2024-08-10 15:44:14 +00:00
Then, in your project `.woodpecker.yml`, you can seemlessly use nix and enjoy efficient and quick caching:
```yml
steps:
- name: build
image: nixpkgs/nix:nixos-24.05
commands:
- nix build .#
```
## Limitations
Anyone having access to your CI will have a read access to your nix store.
People will also be able to store data in your `/nix/store`.
Finally, if I remember correctly, there are some attacks to alter the content of a derivation (such that a content in `/nix/store` is not the product of the hashed derivation). In other words, it's mainly a single-tenant solution.
So a great evolution would be a multi-tenant system, either by improving the nix-daemon isolation, or by running one nix-daemon per-project or per-user/per-organization. Today, none of these solutions is possible.

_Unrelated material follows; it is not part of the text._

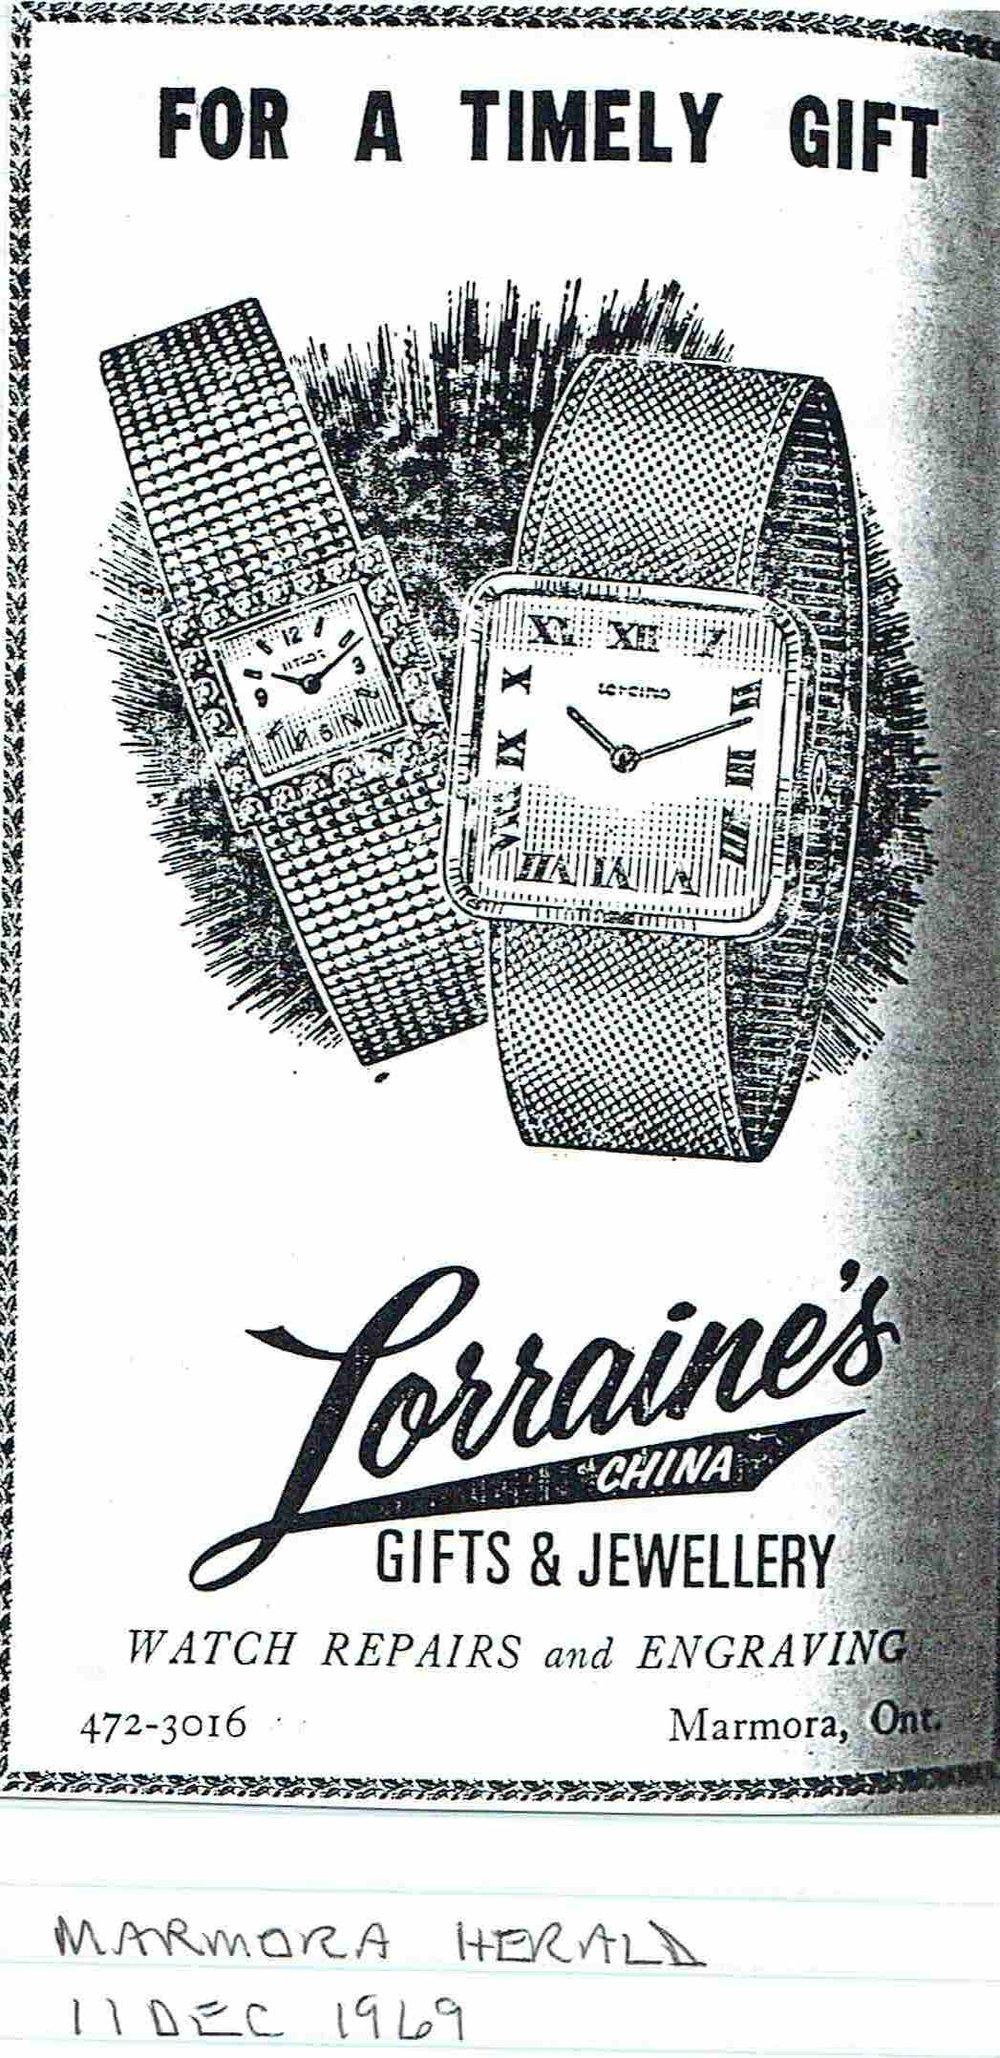 1969 Lorraines' Jewellery.JPG

Another limitation is garbage collection: if the nix-daemon can do some garbage collection, none of its policy is interesting for a CI. Mainly, if you activate it, it will ditch everything as it is connected to "no root path" from its point of view. A LRU cache policy would be a great addition. At least, you can manually trigger a garbage collection once your disk is full...
---
[^1]: [How long should your CI take](https://graphite.dev/blog/how-long-should-ci-take). *Various industry resources suggest an ideal CI time of around 10 minutes for completing a full build, test, and analysis cycle. As Kent Beck, author of Extreme Programming, said, “A build that takes longer than ten minutes will be used much less often, missing the opportunity for feedback. A shorter build doesnt give you time to drink your coffee.”*
[^2]: [Measure and Improve Your CI Speed with Semaphore](https://semaphoreci.com/blog/2017/03/16/measure-and-improve-your-ci-speed.html). *Were convinced that having a build slower than 10 minutes is not proper continuous integration. When a build takes longer than 10 minutes, we waste too much precious time and energy waiting, or context switching back and forth. We merge rarely, making every deploy more risky. Refactoring is hard to do well.*
[^3]: [Continuous Integration Certification](https://martinfowler.com/bliki/ContinuousIntegrationCertification.html). *Finally he asks if, when the build fails, its usually back to green within ten minutes. With that last question only a few hands remain. Those are the people who pass his certification test.*
[^4]: [Rust CI Cache](https://blog.arriven.wtf/posts/rust-ci-cache/). *We can cache the build artifacts by caching the target directory of our workspace.*
[^5]: [My ideal Rust workflow](https://fasterthanli.me/articles/my-ideal-rust-workflow). *The basic idea behind sccache, at least in the way I have it set up, it's that it's invoked instead of rustc, and takes all the inputs (including compilation flags, certain environment variables, source files, etc.) and generates a hash. Then it just uses that hash as a cache key, using in this case an S3 bucket in us-east-1 as storage.*
[^6]: I [tried writing a CI](https://git.deuxfleurs.fr/Deuxfleurs/albatros/src/commit/373c1f8d76b11a5638b2a4aa753417c67f0c2e13/hcl/nixcache/builder.hcl) on top of Nomad that would wrap a dockerized NixOS, and also deployed [a Woodpecker/Drone CI NixOS runner](https://git.deuxfleurs.fr/Deuxfleurs/nixcfg/src/commit/ca01149e165b3ad1c9549735caa658efda380cd3/cluster/prod/app/woodpecker-ci/integration/docker-compose.yml).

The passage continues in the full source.